Spatio-Temporal Analysis of Surface Urban Heat Island and Canopy Layer Heat Island in Beijing

• Published in: Applied sciences Vol. 14; no. 12; p. 5034
• Main Authors: Yuan, Debao, Zhang, Liuya, Fan, Yuqing, Sun, Wenbin, Fan, Deqin, Zhao, Xurui
• Format: Journal Article
• Language: English
• Published: Basel MDPI AG 01.06.2024
• Subjects: canopy layer heat island; Economic development; Gaussian volume model; Remote sensing; Suburban areas; Summer; surface urban heat island; Urban climatology; Urban development; Urban health; urban heat island effect; Urban heat islands; Vegetation; Winter; Beijing China; China
• ISSN: 2076-3417; 2076-3417
• DOI: 10.3390/app14125034

Studying urban heat islands holds significance for the sustainable development of cities. This comprehensive study analyzed the temporal characteristics of a Surface Urban Heat Island and Canopy Layer Heat Island by employing Moderate-Resolution Imaging Spectroradiometer image data spanning from 2003 to 2020 over Beijing, China. Leveraging the Gaussian capacity model, the geometrical characteristics of the Surface Urban Heat Island and Canopy Layer Heat Island, such as intensity, center, direction, and range, were examined among three different timescales of day, month, and year.

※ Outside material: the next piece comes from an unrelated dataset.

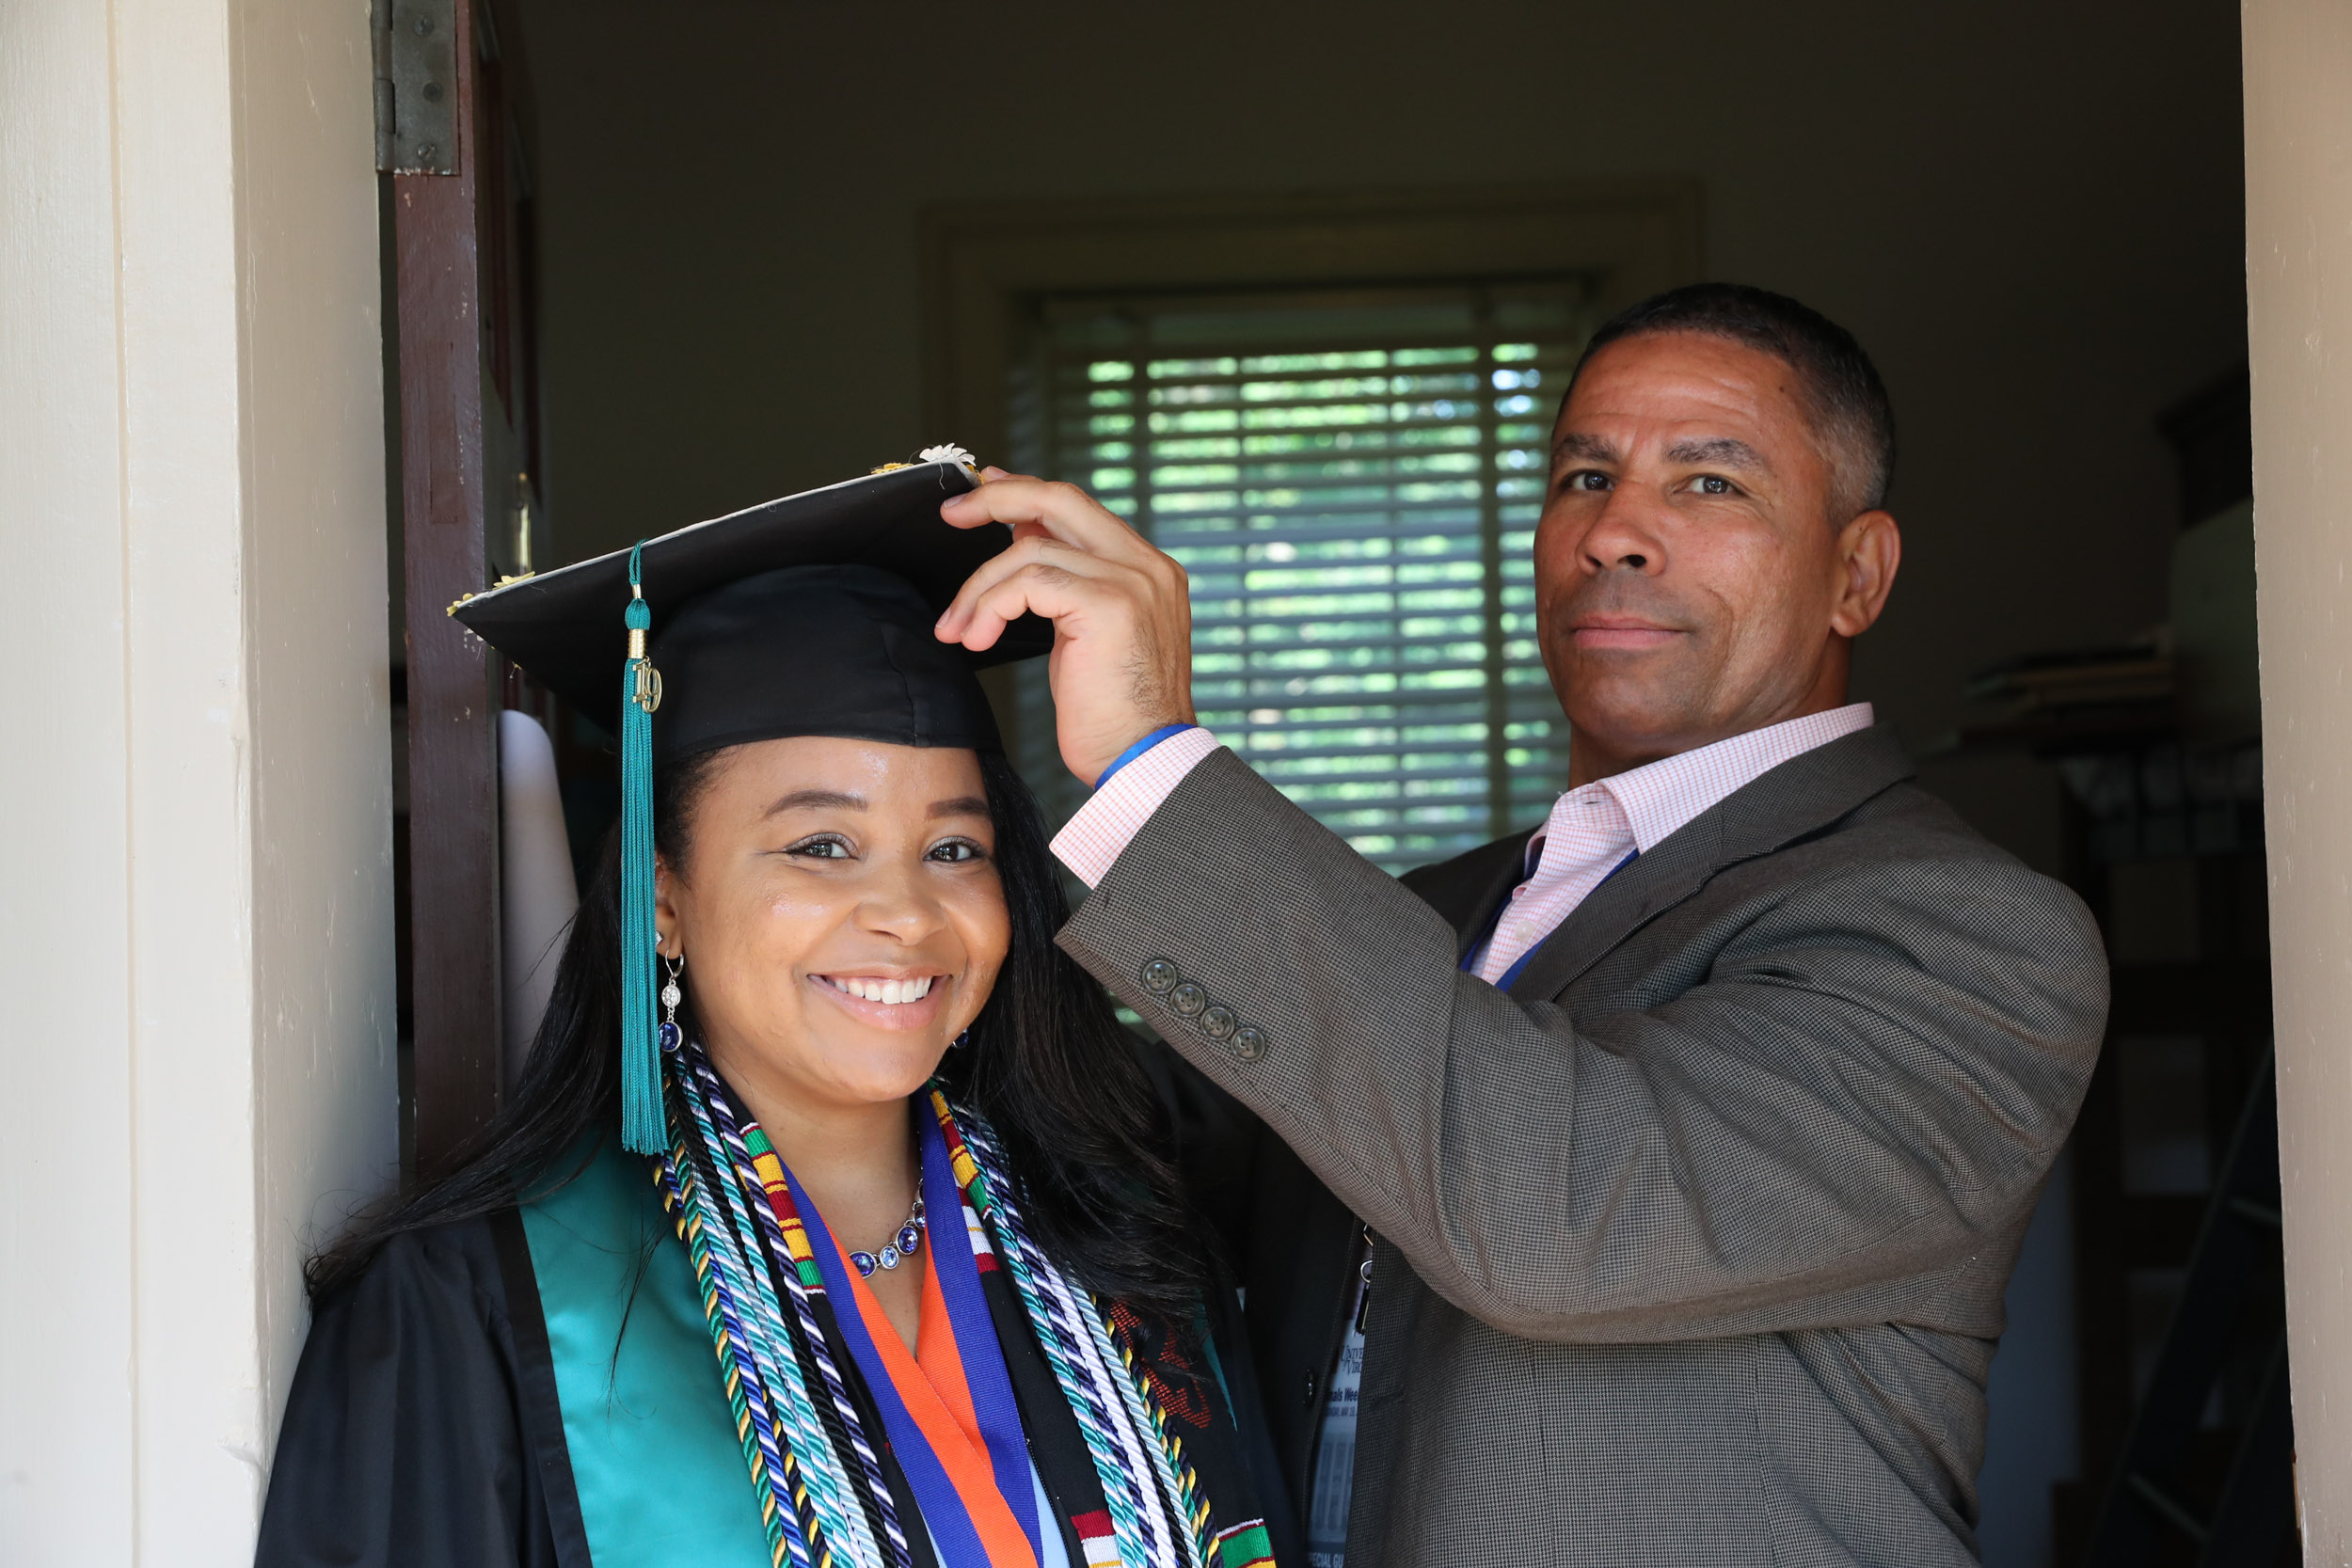 Dad placing his daughters graduation cap on her head

Results indicate that the intensities of the Surface Urban Heat Island and Canopy Layer Heat Island tend to have bigger seasonal variations during winter nights and summer daytime. In addition, at night the centers of Surface Urban Heat Island and Canopy Layer Heat Island are mainly concentrated in the range of 116.3°~116.4° E in longitude and 39.90°~39.95° N in latitude, while during the daytime they are more scattered, mainly in the range of 116.2°~116.5° E in longitude and 39.7°~40.0° N in latitude. In the hot season, the center of the heat island moves east to north, while in the cold season it moves west to south. Monthly average ellipse areas of Surface Urban Heat Island and Canopy Layer Heat Island vary more during the day than that at night, the maximum daytime differences were 2662 km[sup.2] and 2293 km[sup.2], while the maximum nighttime differences were 484 km[sup.2] and 265 km[sup.2]. Overall, the average area is increasing, with the heat island center moving eastward and deflecting towards the northeast-southwest direction. The expansion of urban areas will continue to influence the movement and extent of heat islands. The study offers insights to inform strategies for mitigating urban heat islands.